Illustration from BoardGameGeek - Castles of Mad King Ludwig, Bézier Games, 2014 — sample layout (image provided by the publisher) - link above |
The game features around 80 tiles which are rooms of different functions - observatories, gardens, dining rooms, armouries, dungeons, fungus rooms - but, unlike Alhambra, also different sizes and shapes, ranging from small rooms (approximately 20' square?) to huge ones (perhaps 12 times the size of the smallest, around 60'x80' maybe?), that are square, round, oval, L-shaped and rectangular. They're a bit like the old 'Dungeon Geomorphs' that used to be around back in the day, but they actually have room names on them.

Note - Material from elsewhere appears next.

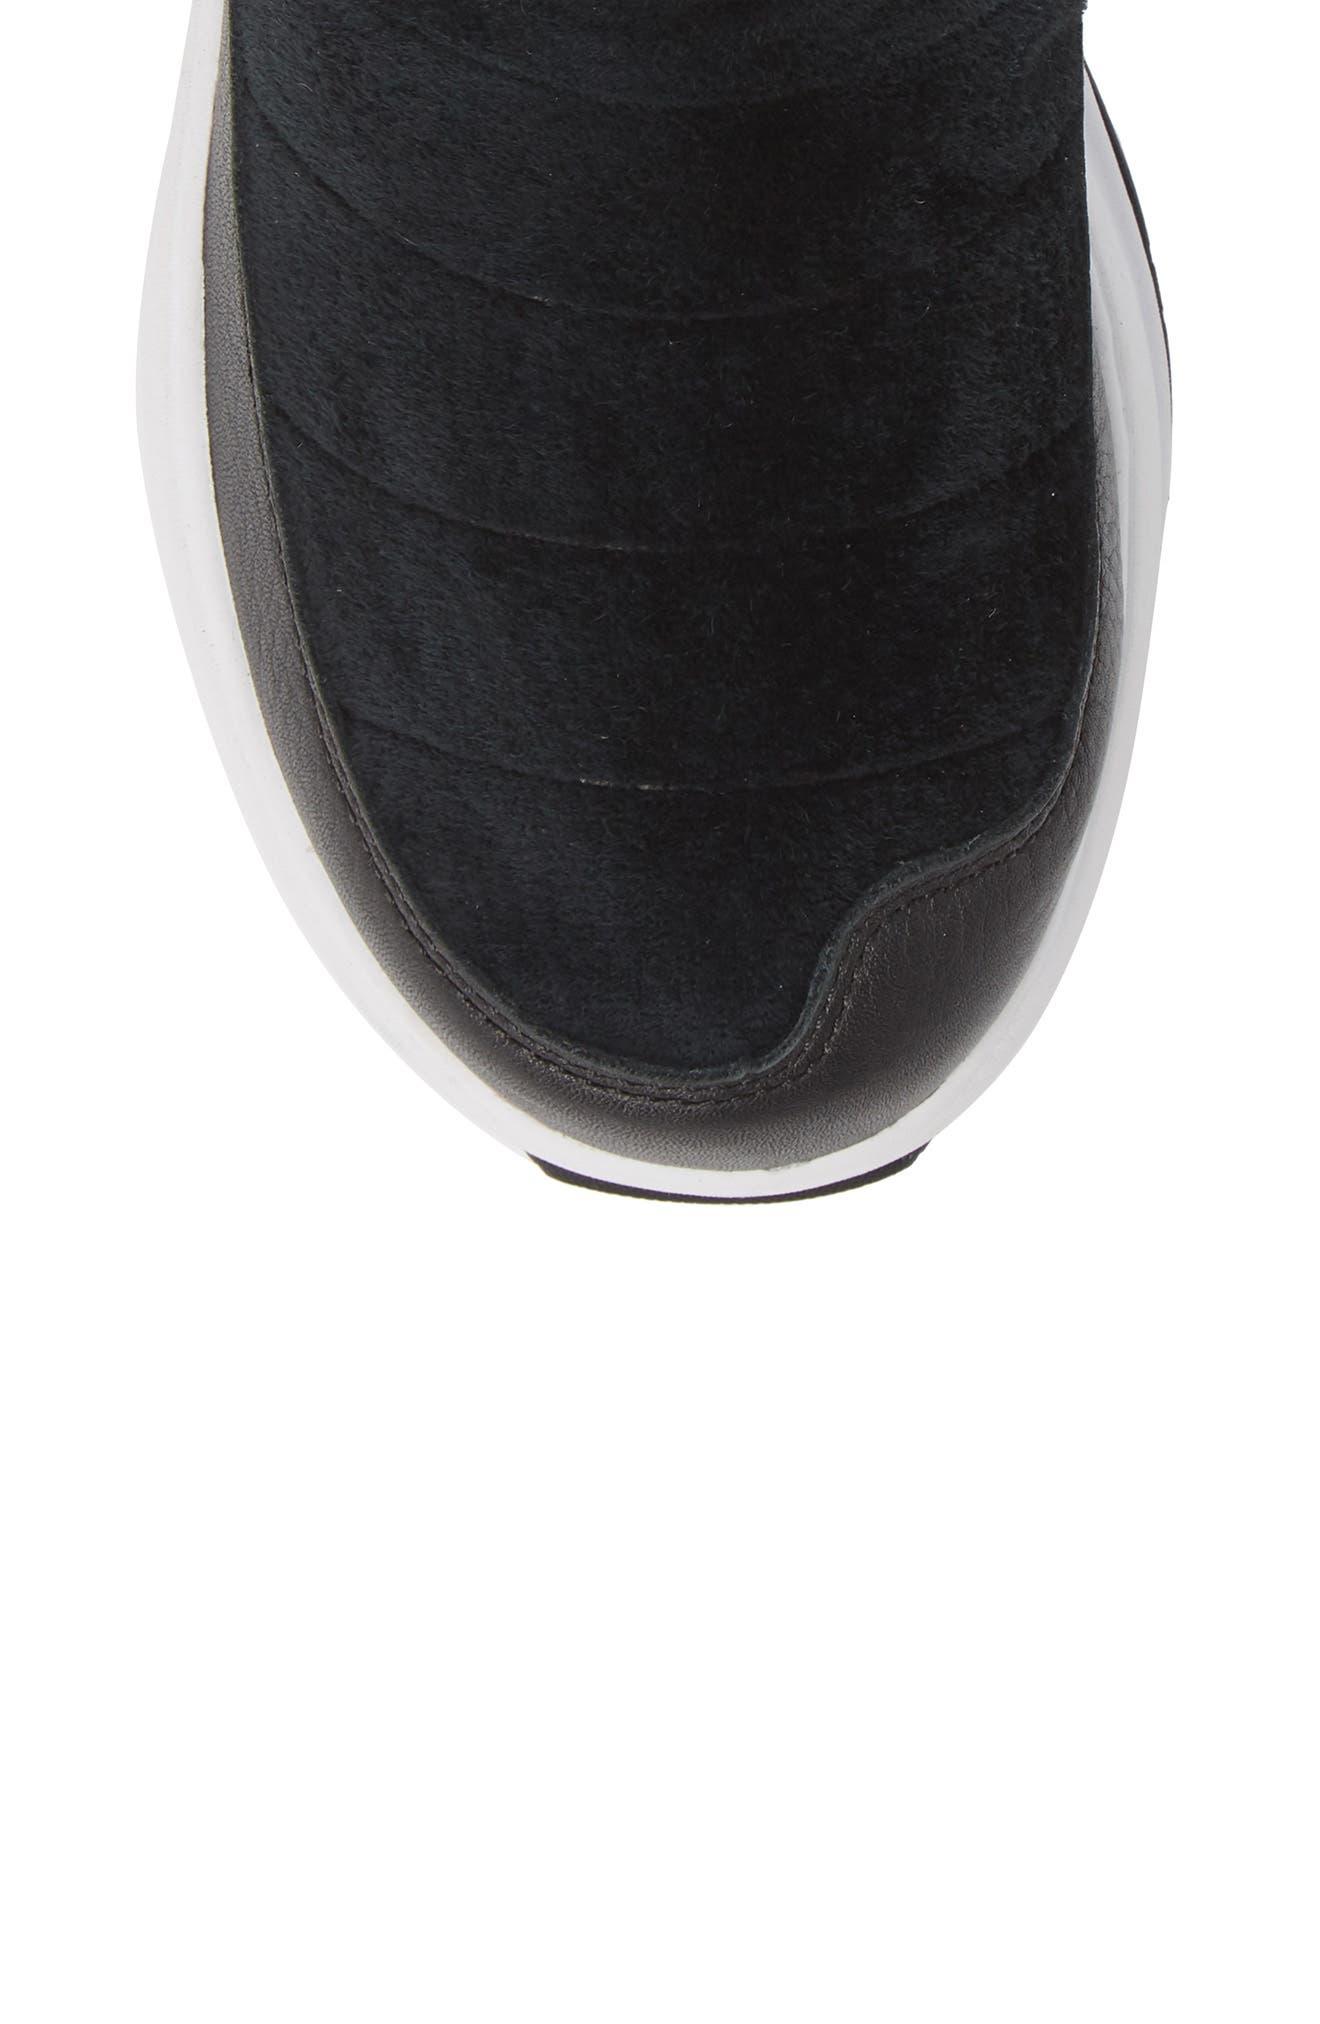 Ozone Park Waterproof Boot,                             Alternate thumbnail 5, color,                             BLACK/ WHITE

Because there is a randomised element to the game, also included is a pack of cards which more-or-less corresponds to the shapes/size, and therefore cost, of the rooms (all L-shaped rooms cost the same, but not all L-shaped rooms are the same type; all small square rooms cost the same but again are of different types). The cards are used to determine which room shapes are offered to the players each round. In theory the cards could be used to 'build' a dungeon through a process of randomising which room-shape comes next in the random sequence. There are also stair and corridor pieces to link levels and sections.
However, the cards do not match the rooms exactly - there are fewer cards than rooms, presumably so that some (random) rooms are always left unused (otherwise one could always go 'I'll hold out for the Observatory' knowing that it was bound to appear - this way there are always some room tiles that won't appear but there is no way of knowing which). Also, there is no way I could see to determine which type (as opposed to size/shape) of room could come next. I haven't closely examined all the pieces however, so I don't know whether it would be possible. But even if there isn't a way to do that, a random process which included all the possibilities (say, 'random room' tables for surface and sub-surface rooms which between them included all the options, perhaps more than once) could allow a randomised space in which a designed monster set could live.
If I bought it, it would of course be to play as 'The Castles of Mad King Ludwig'. If I could also use it as a 'random room generator' though, that would be an added bonus!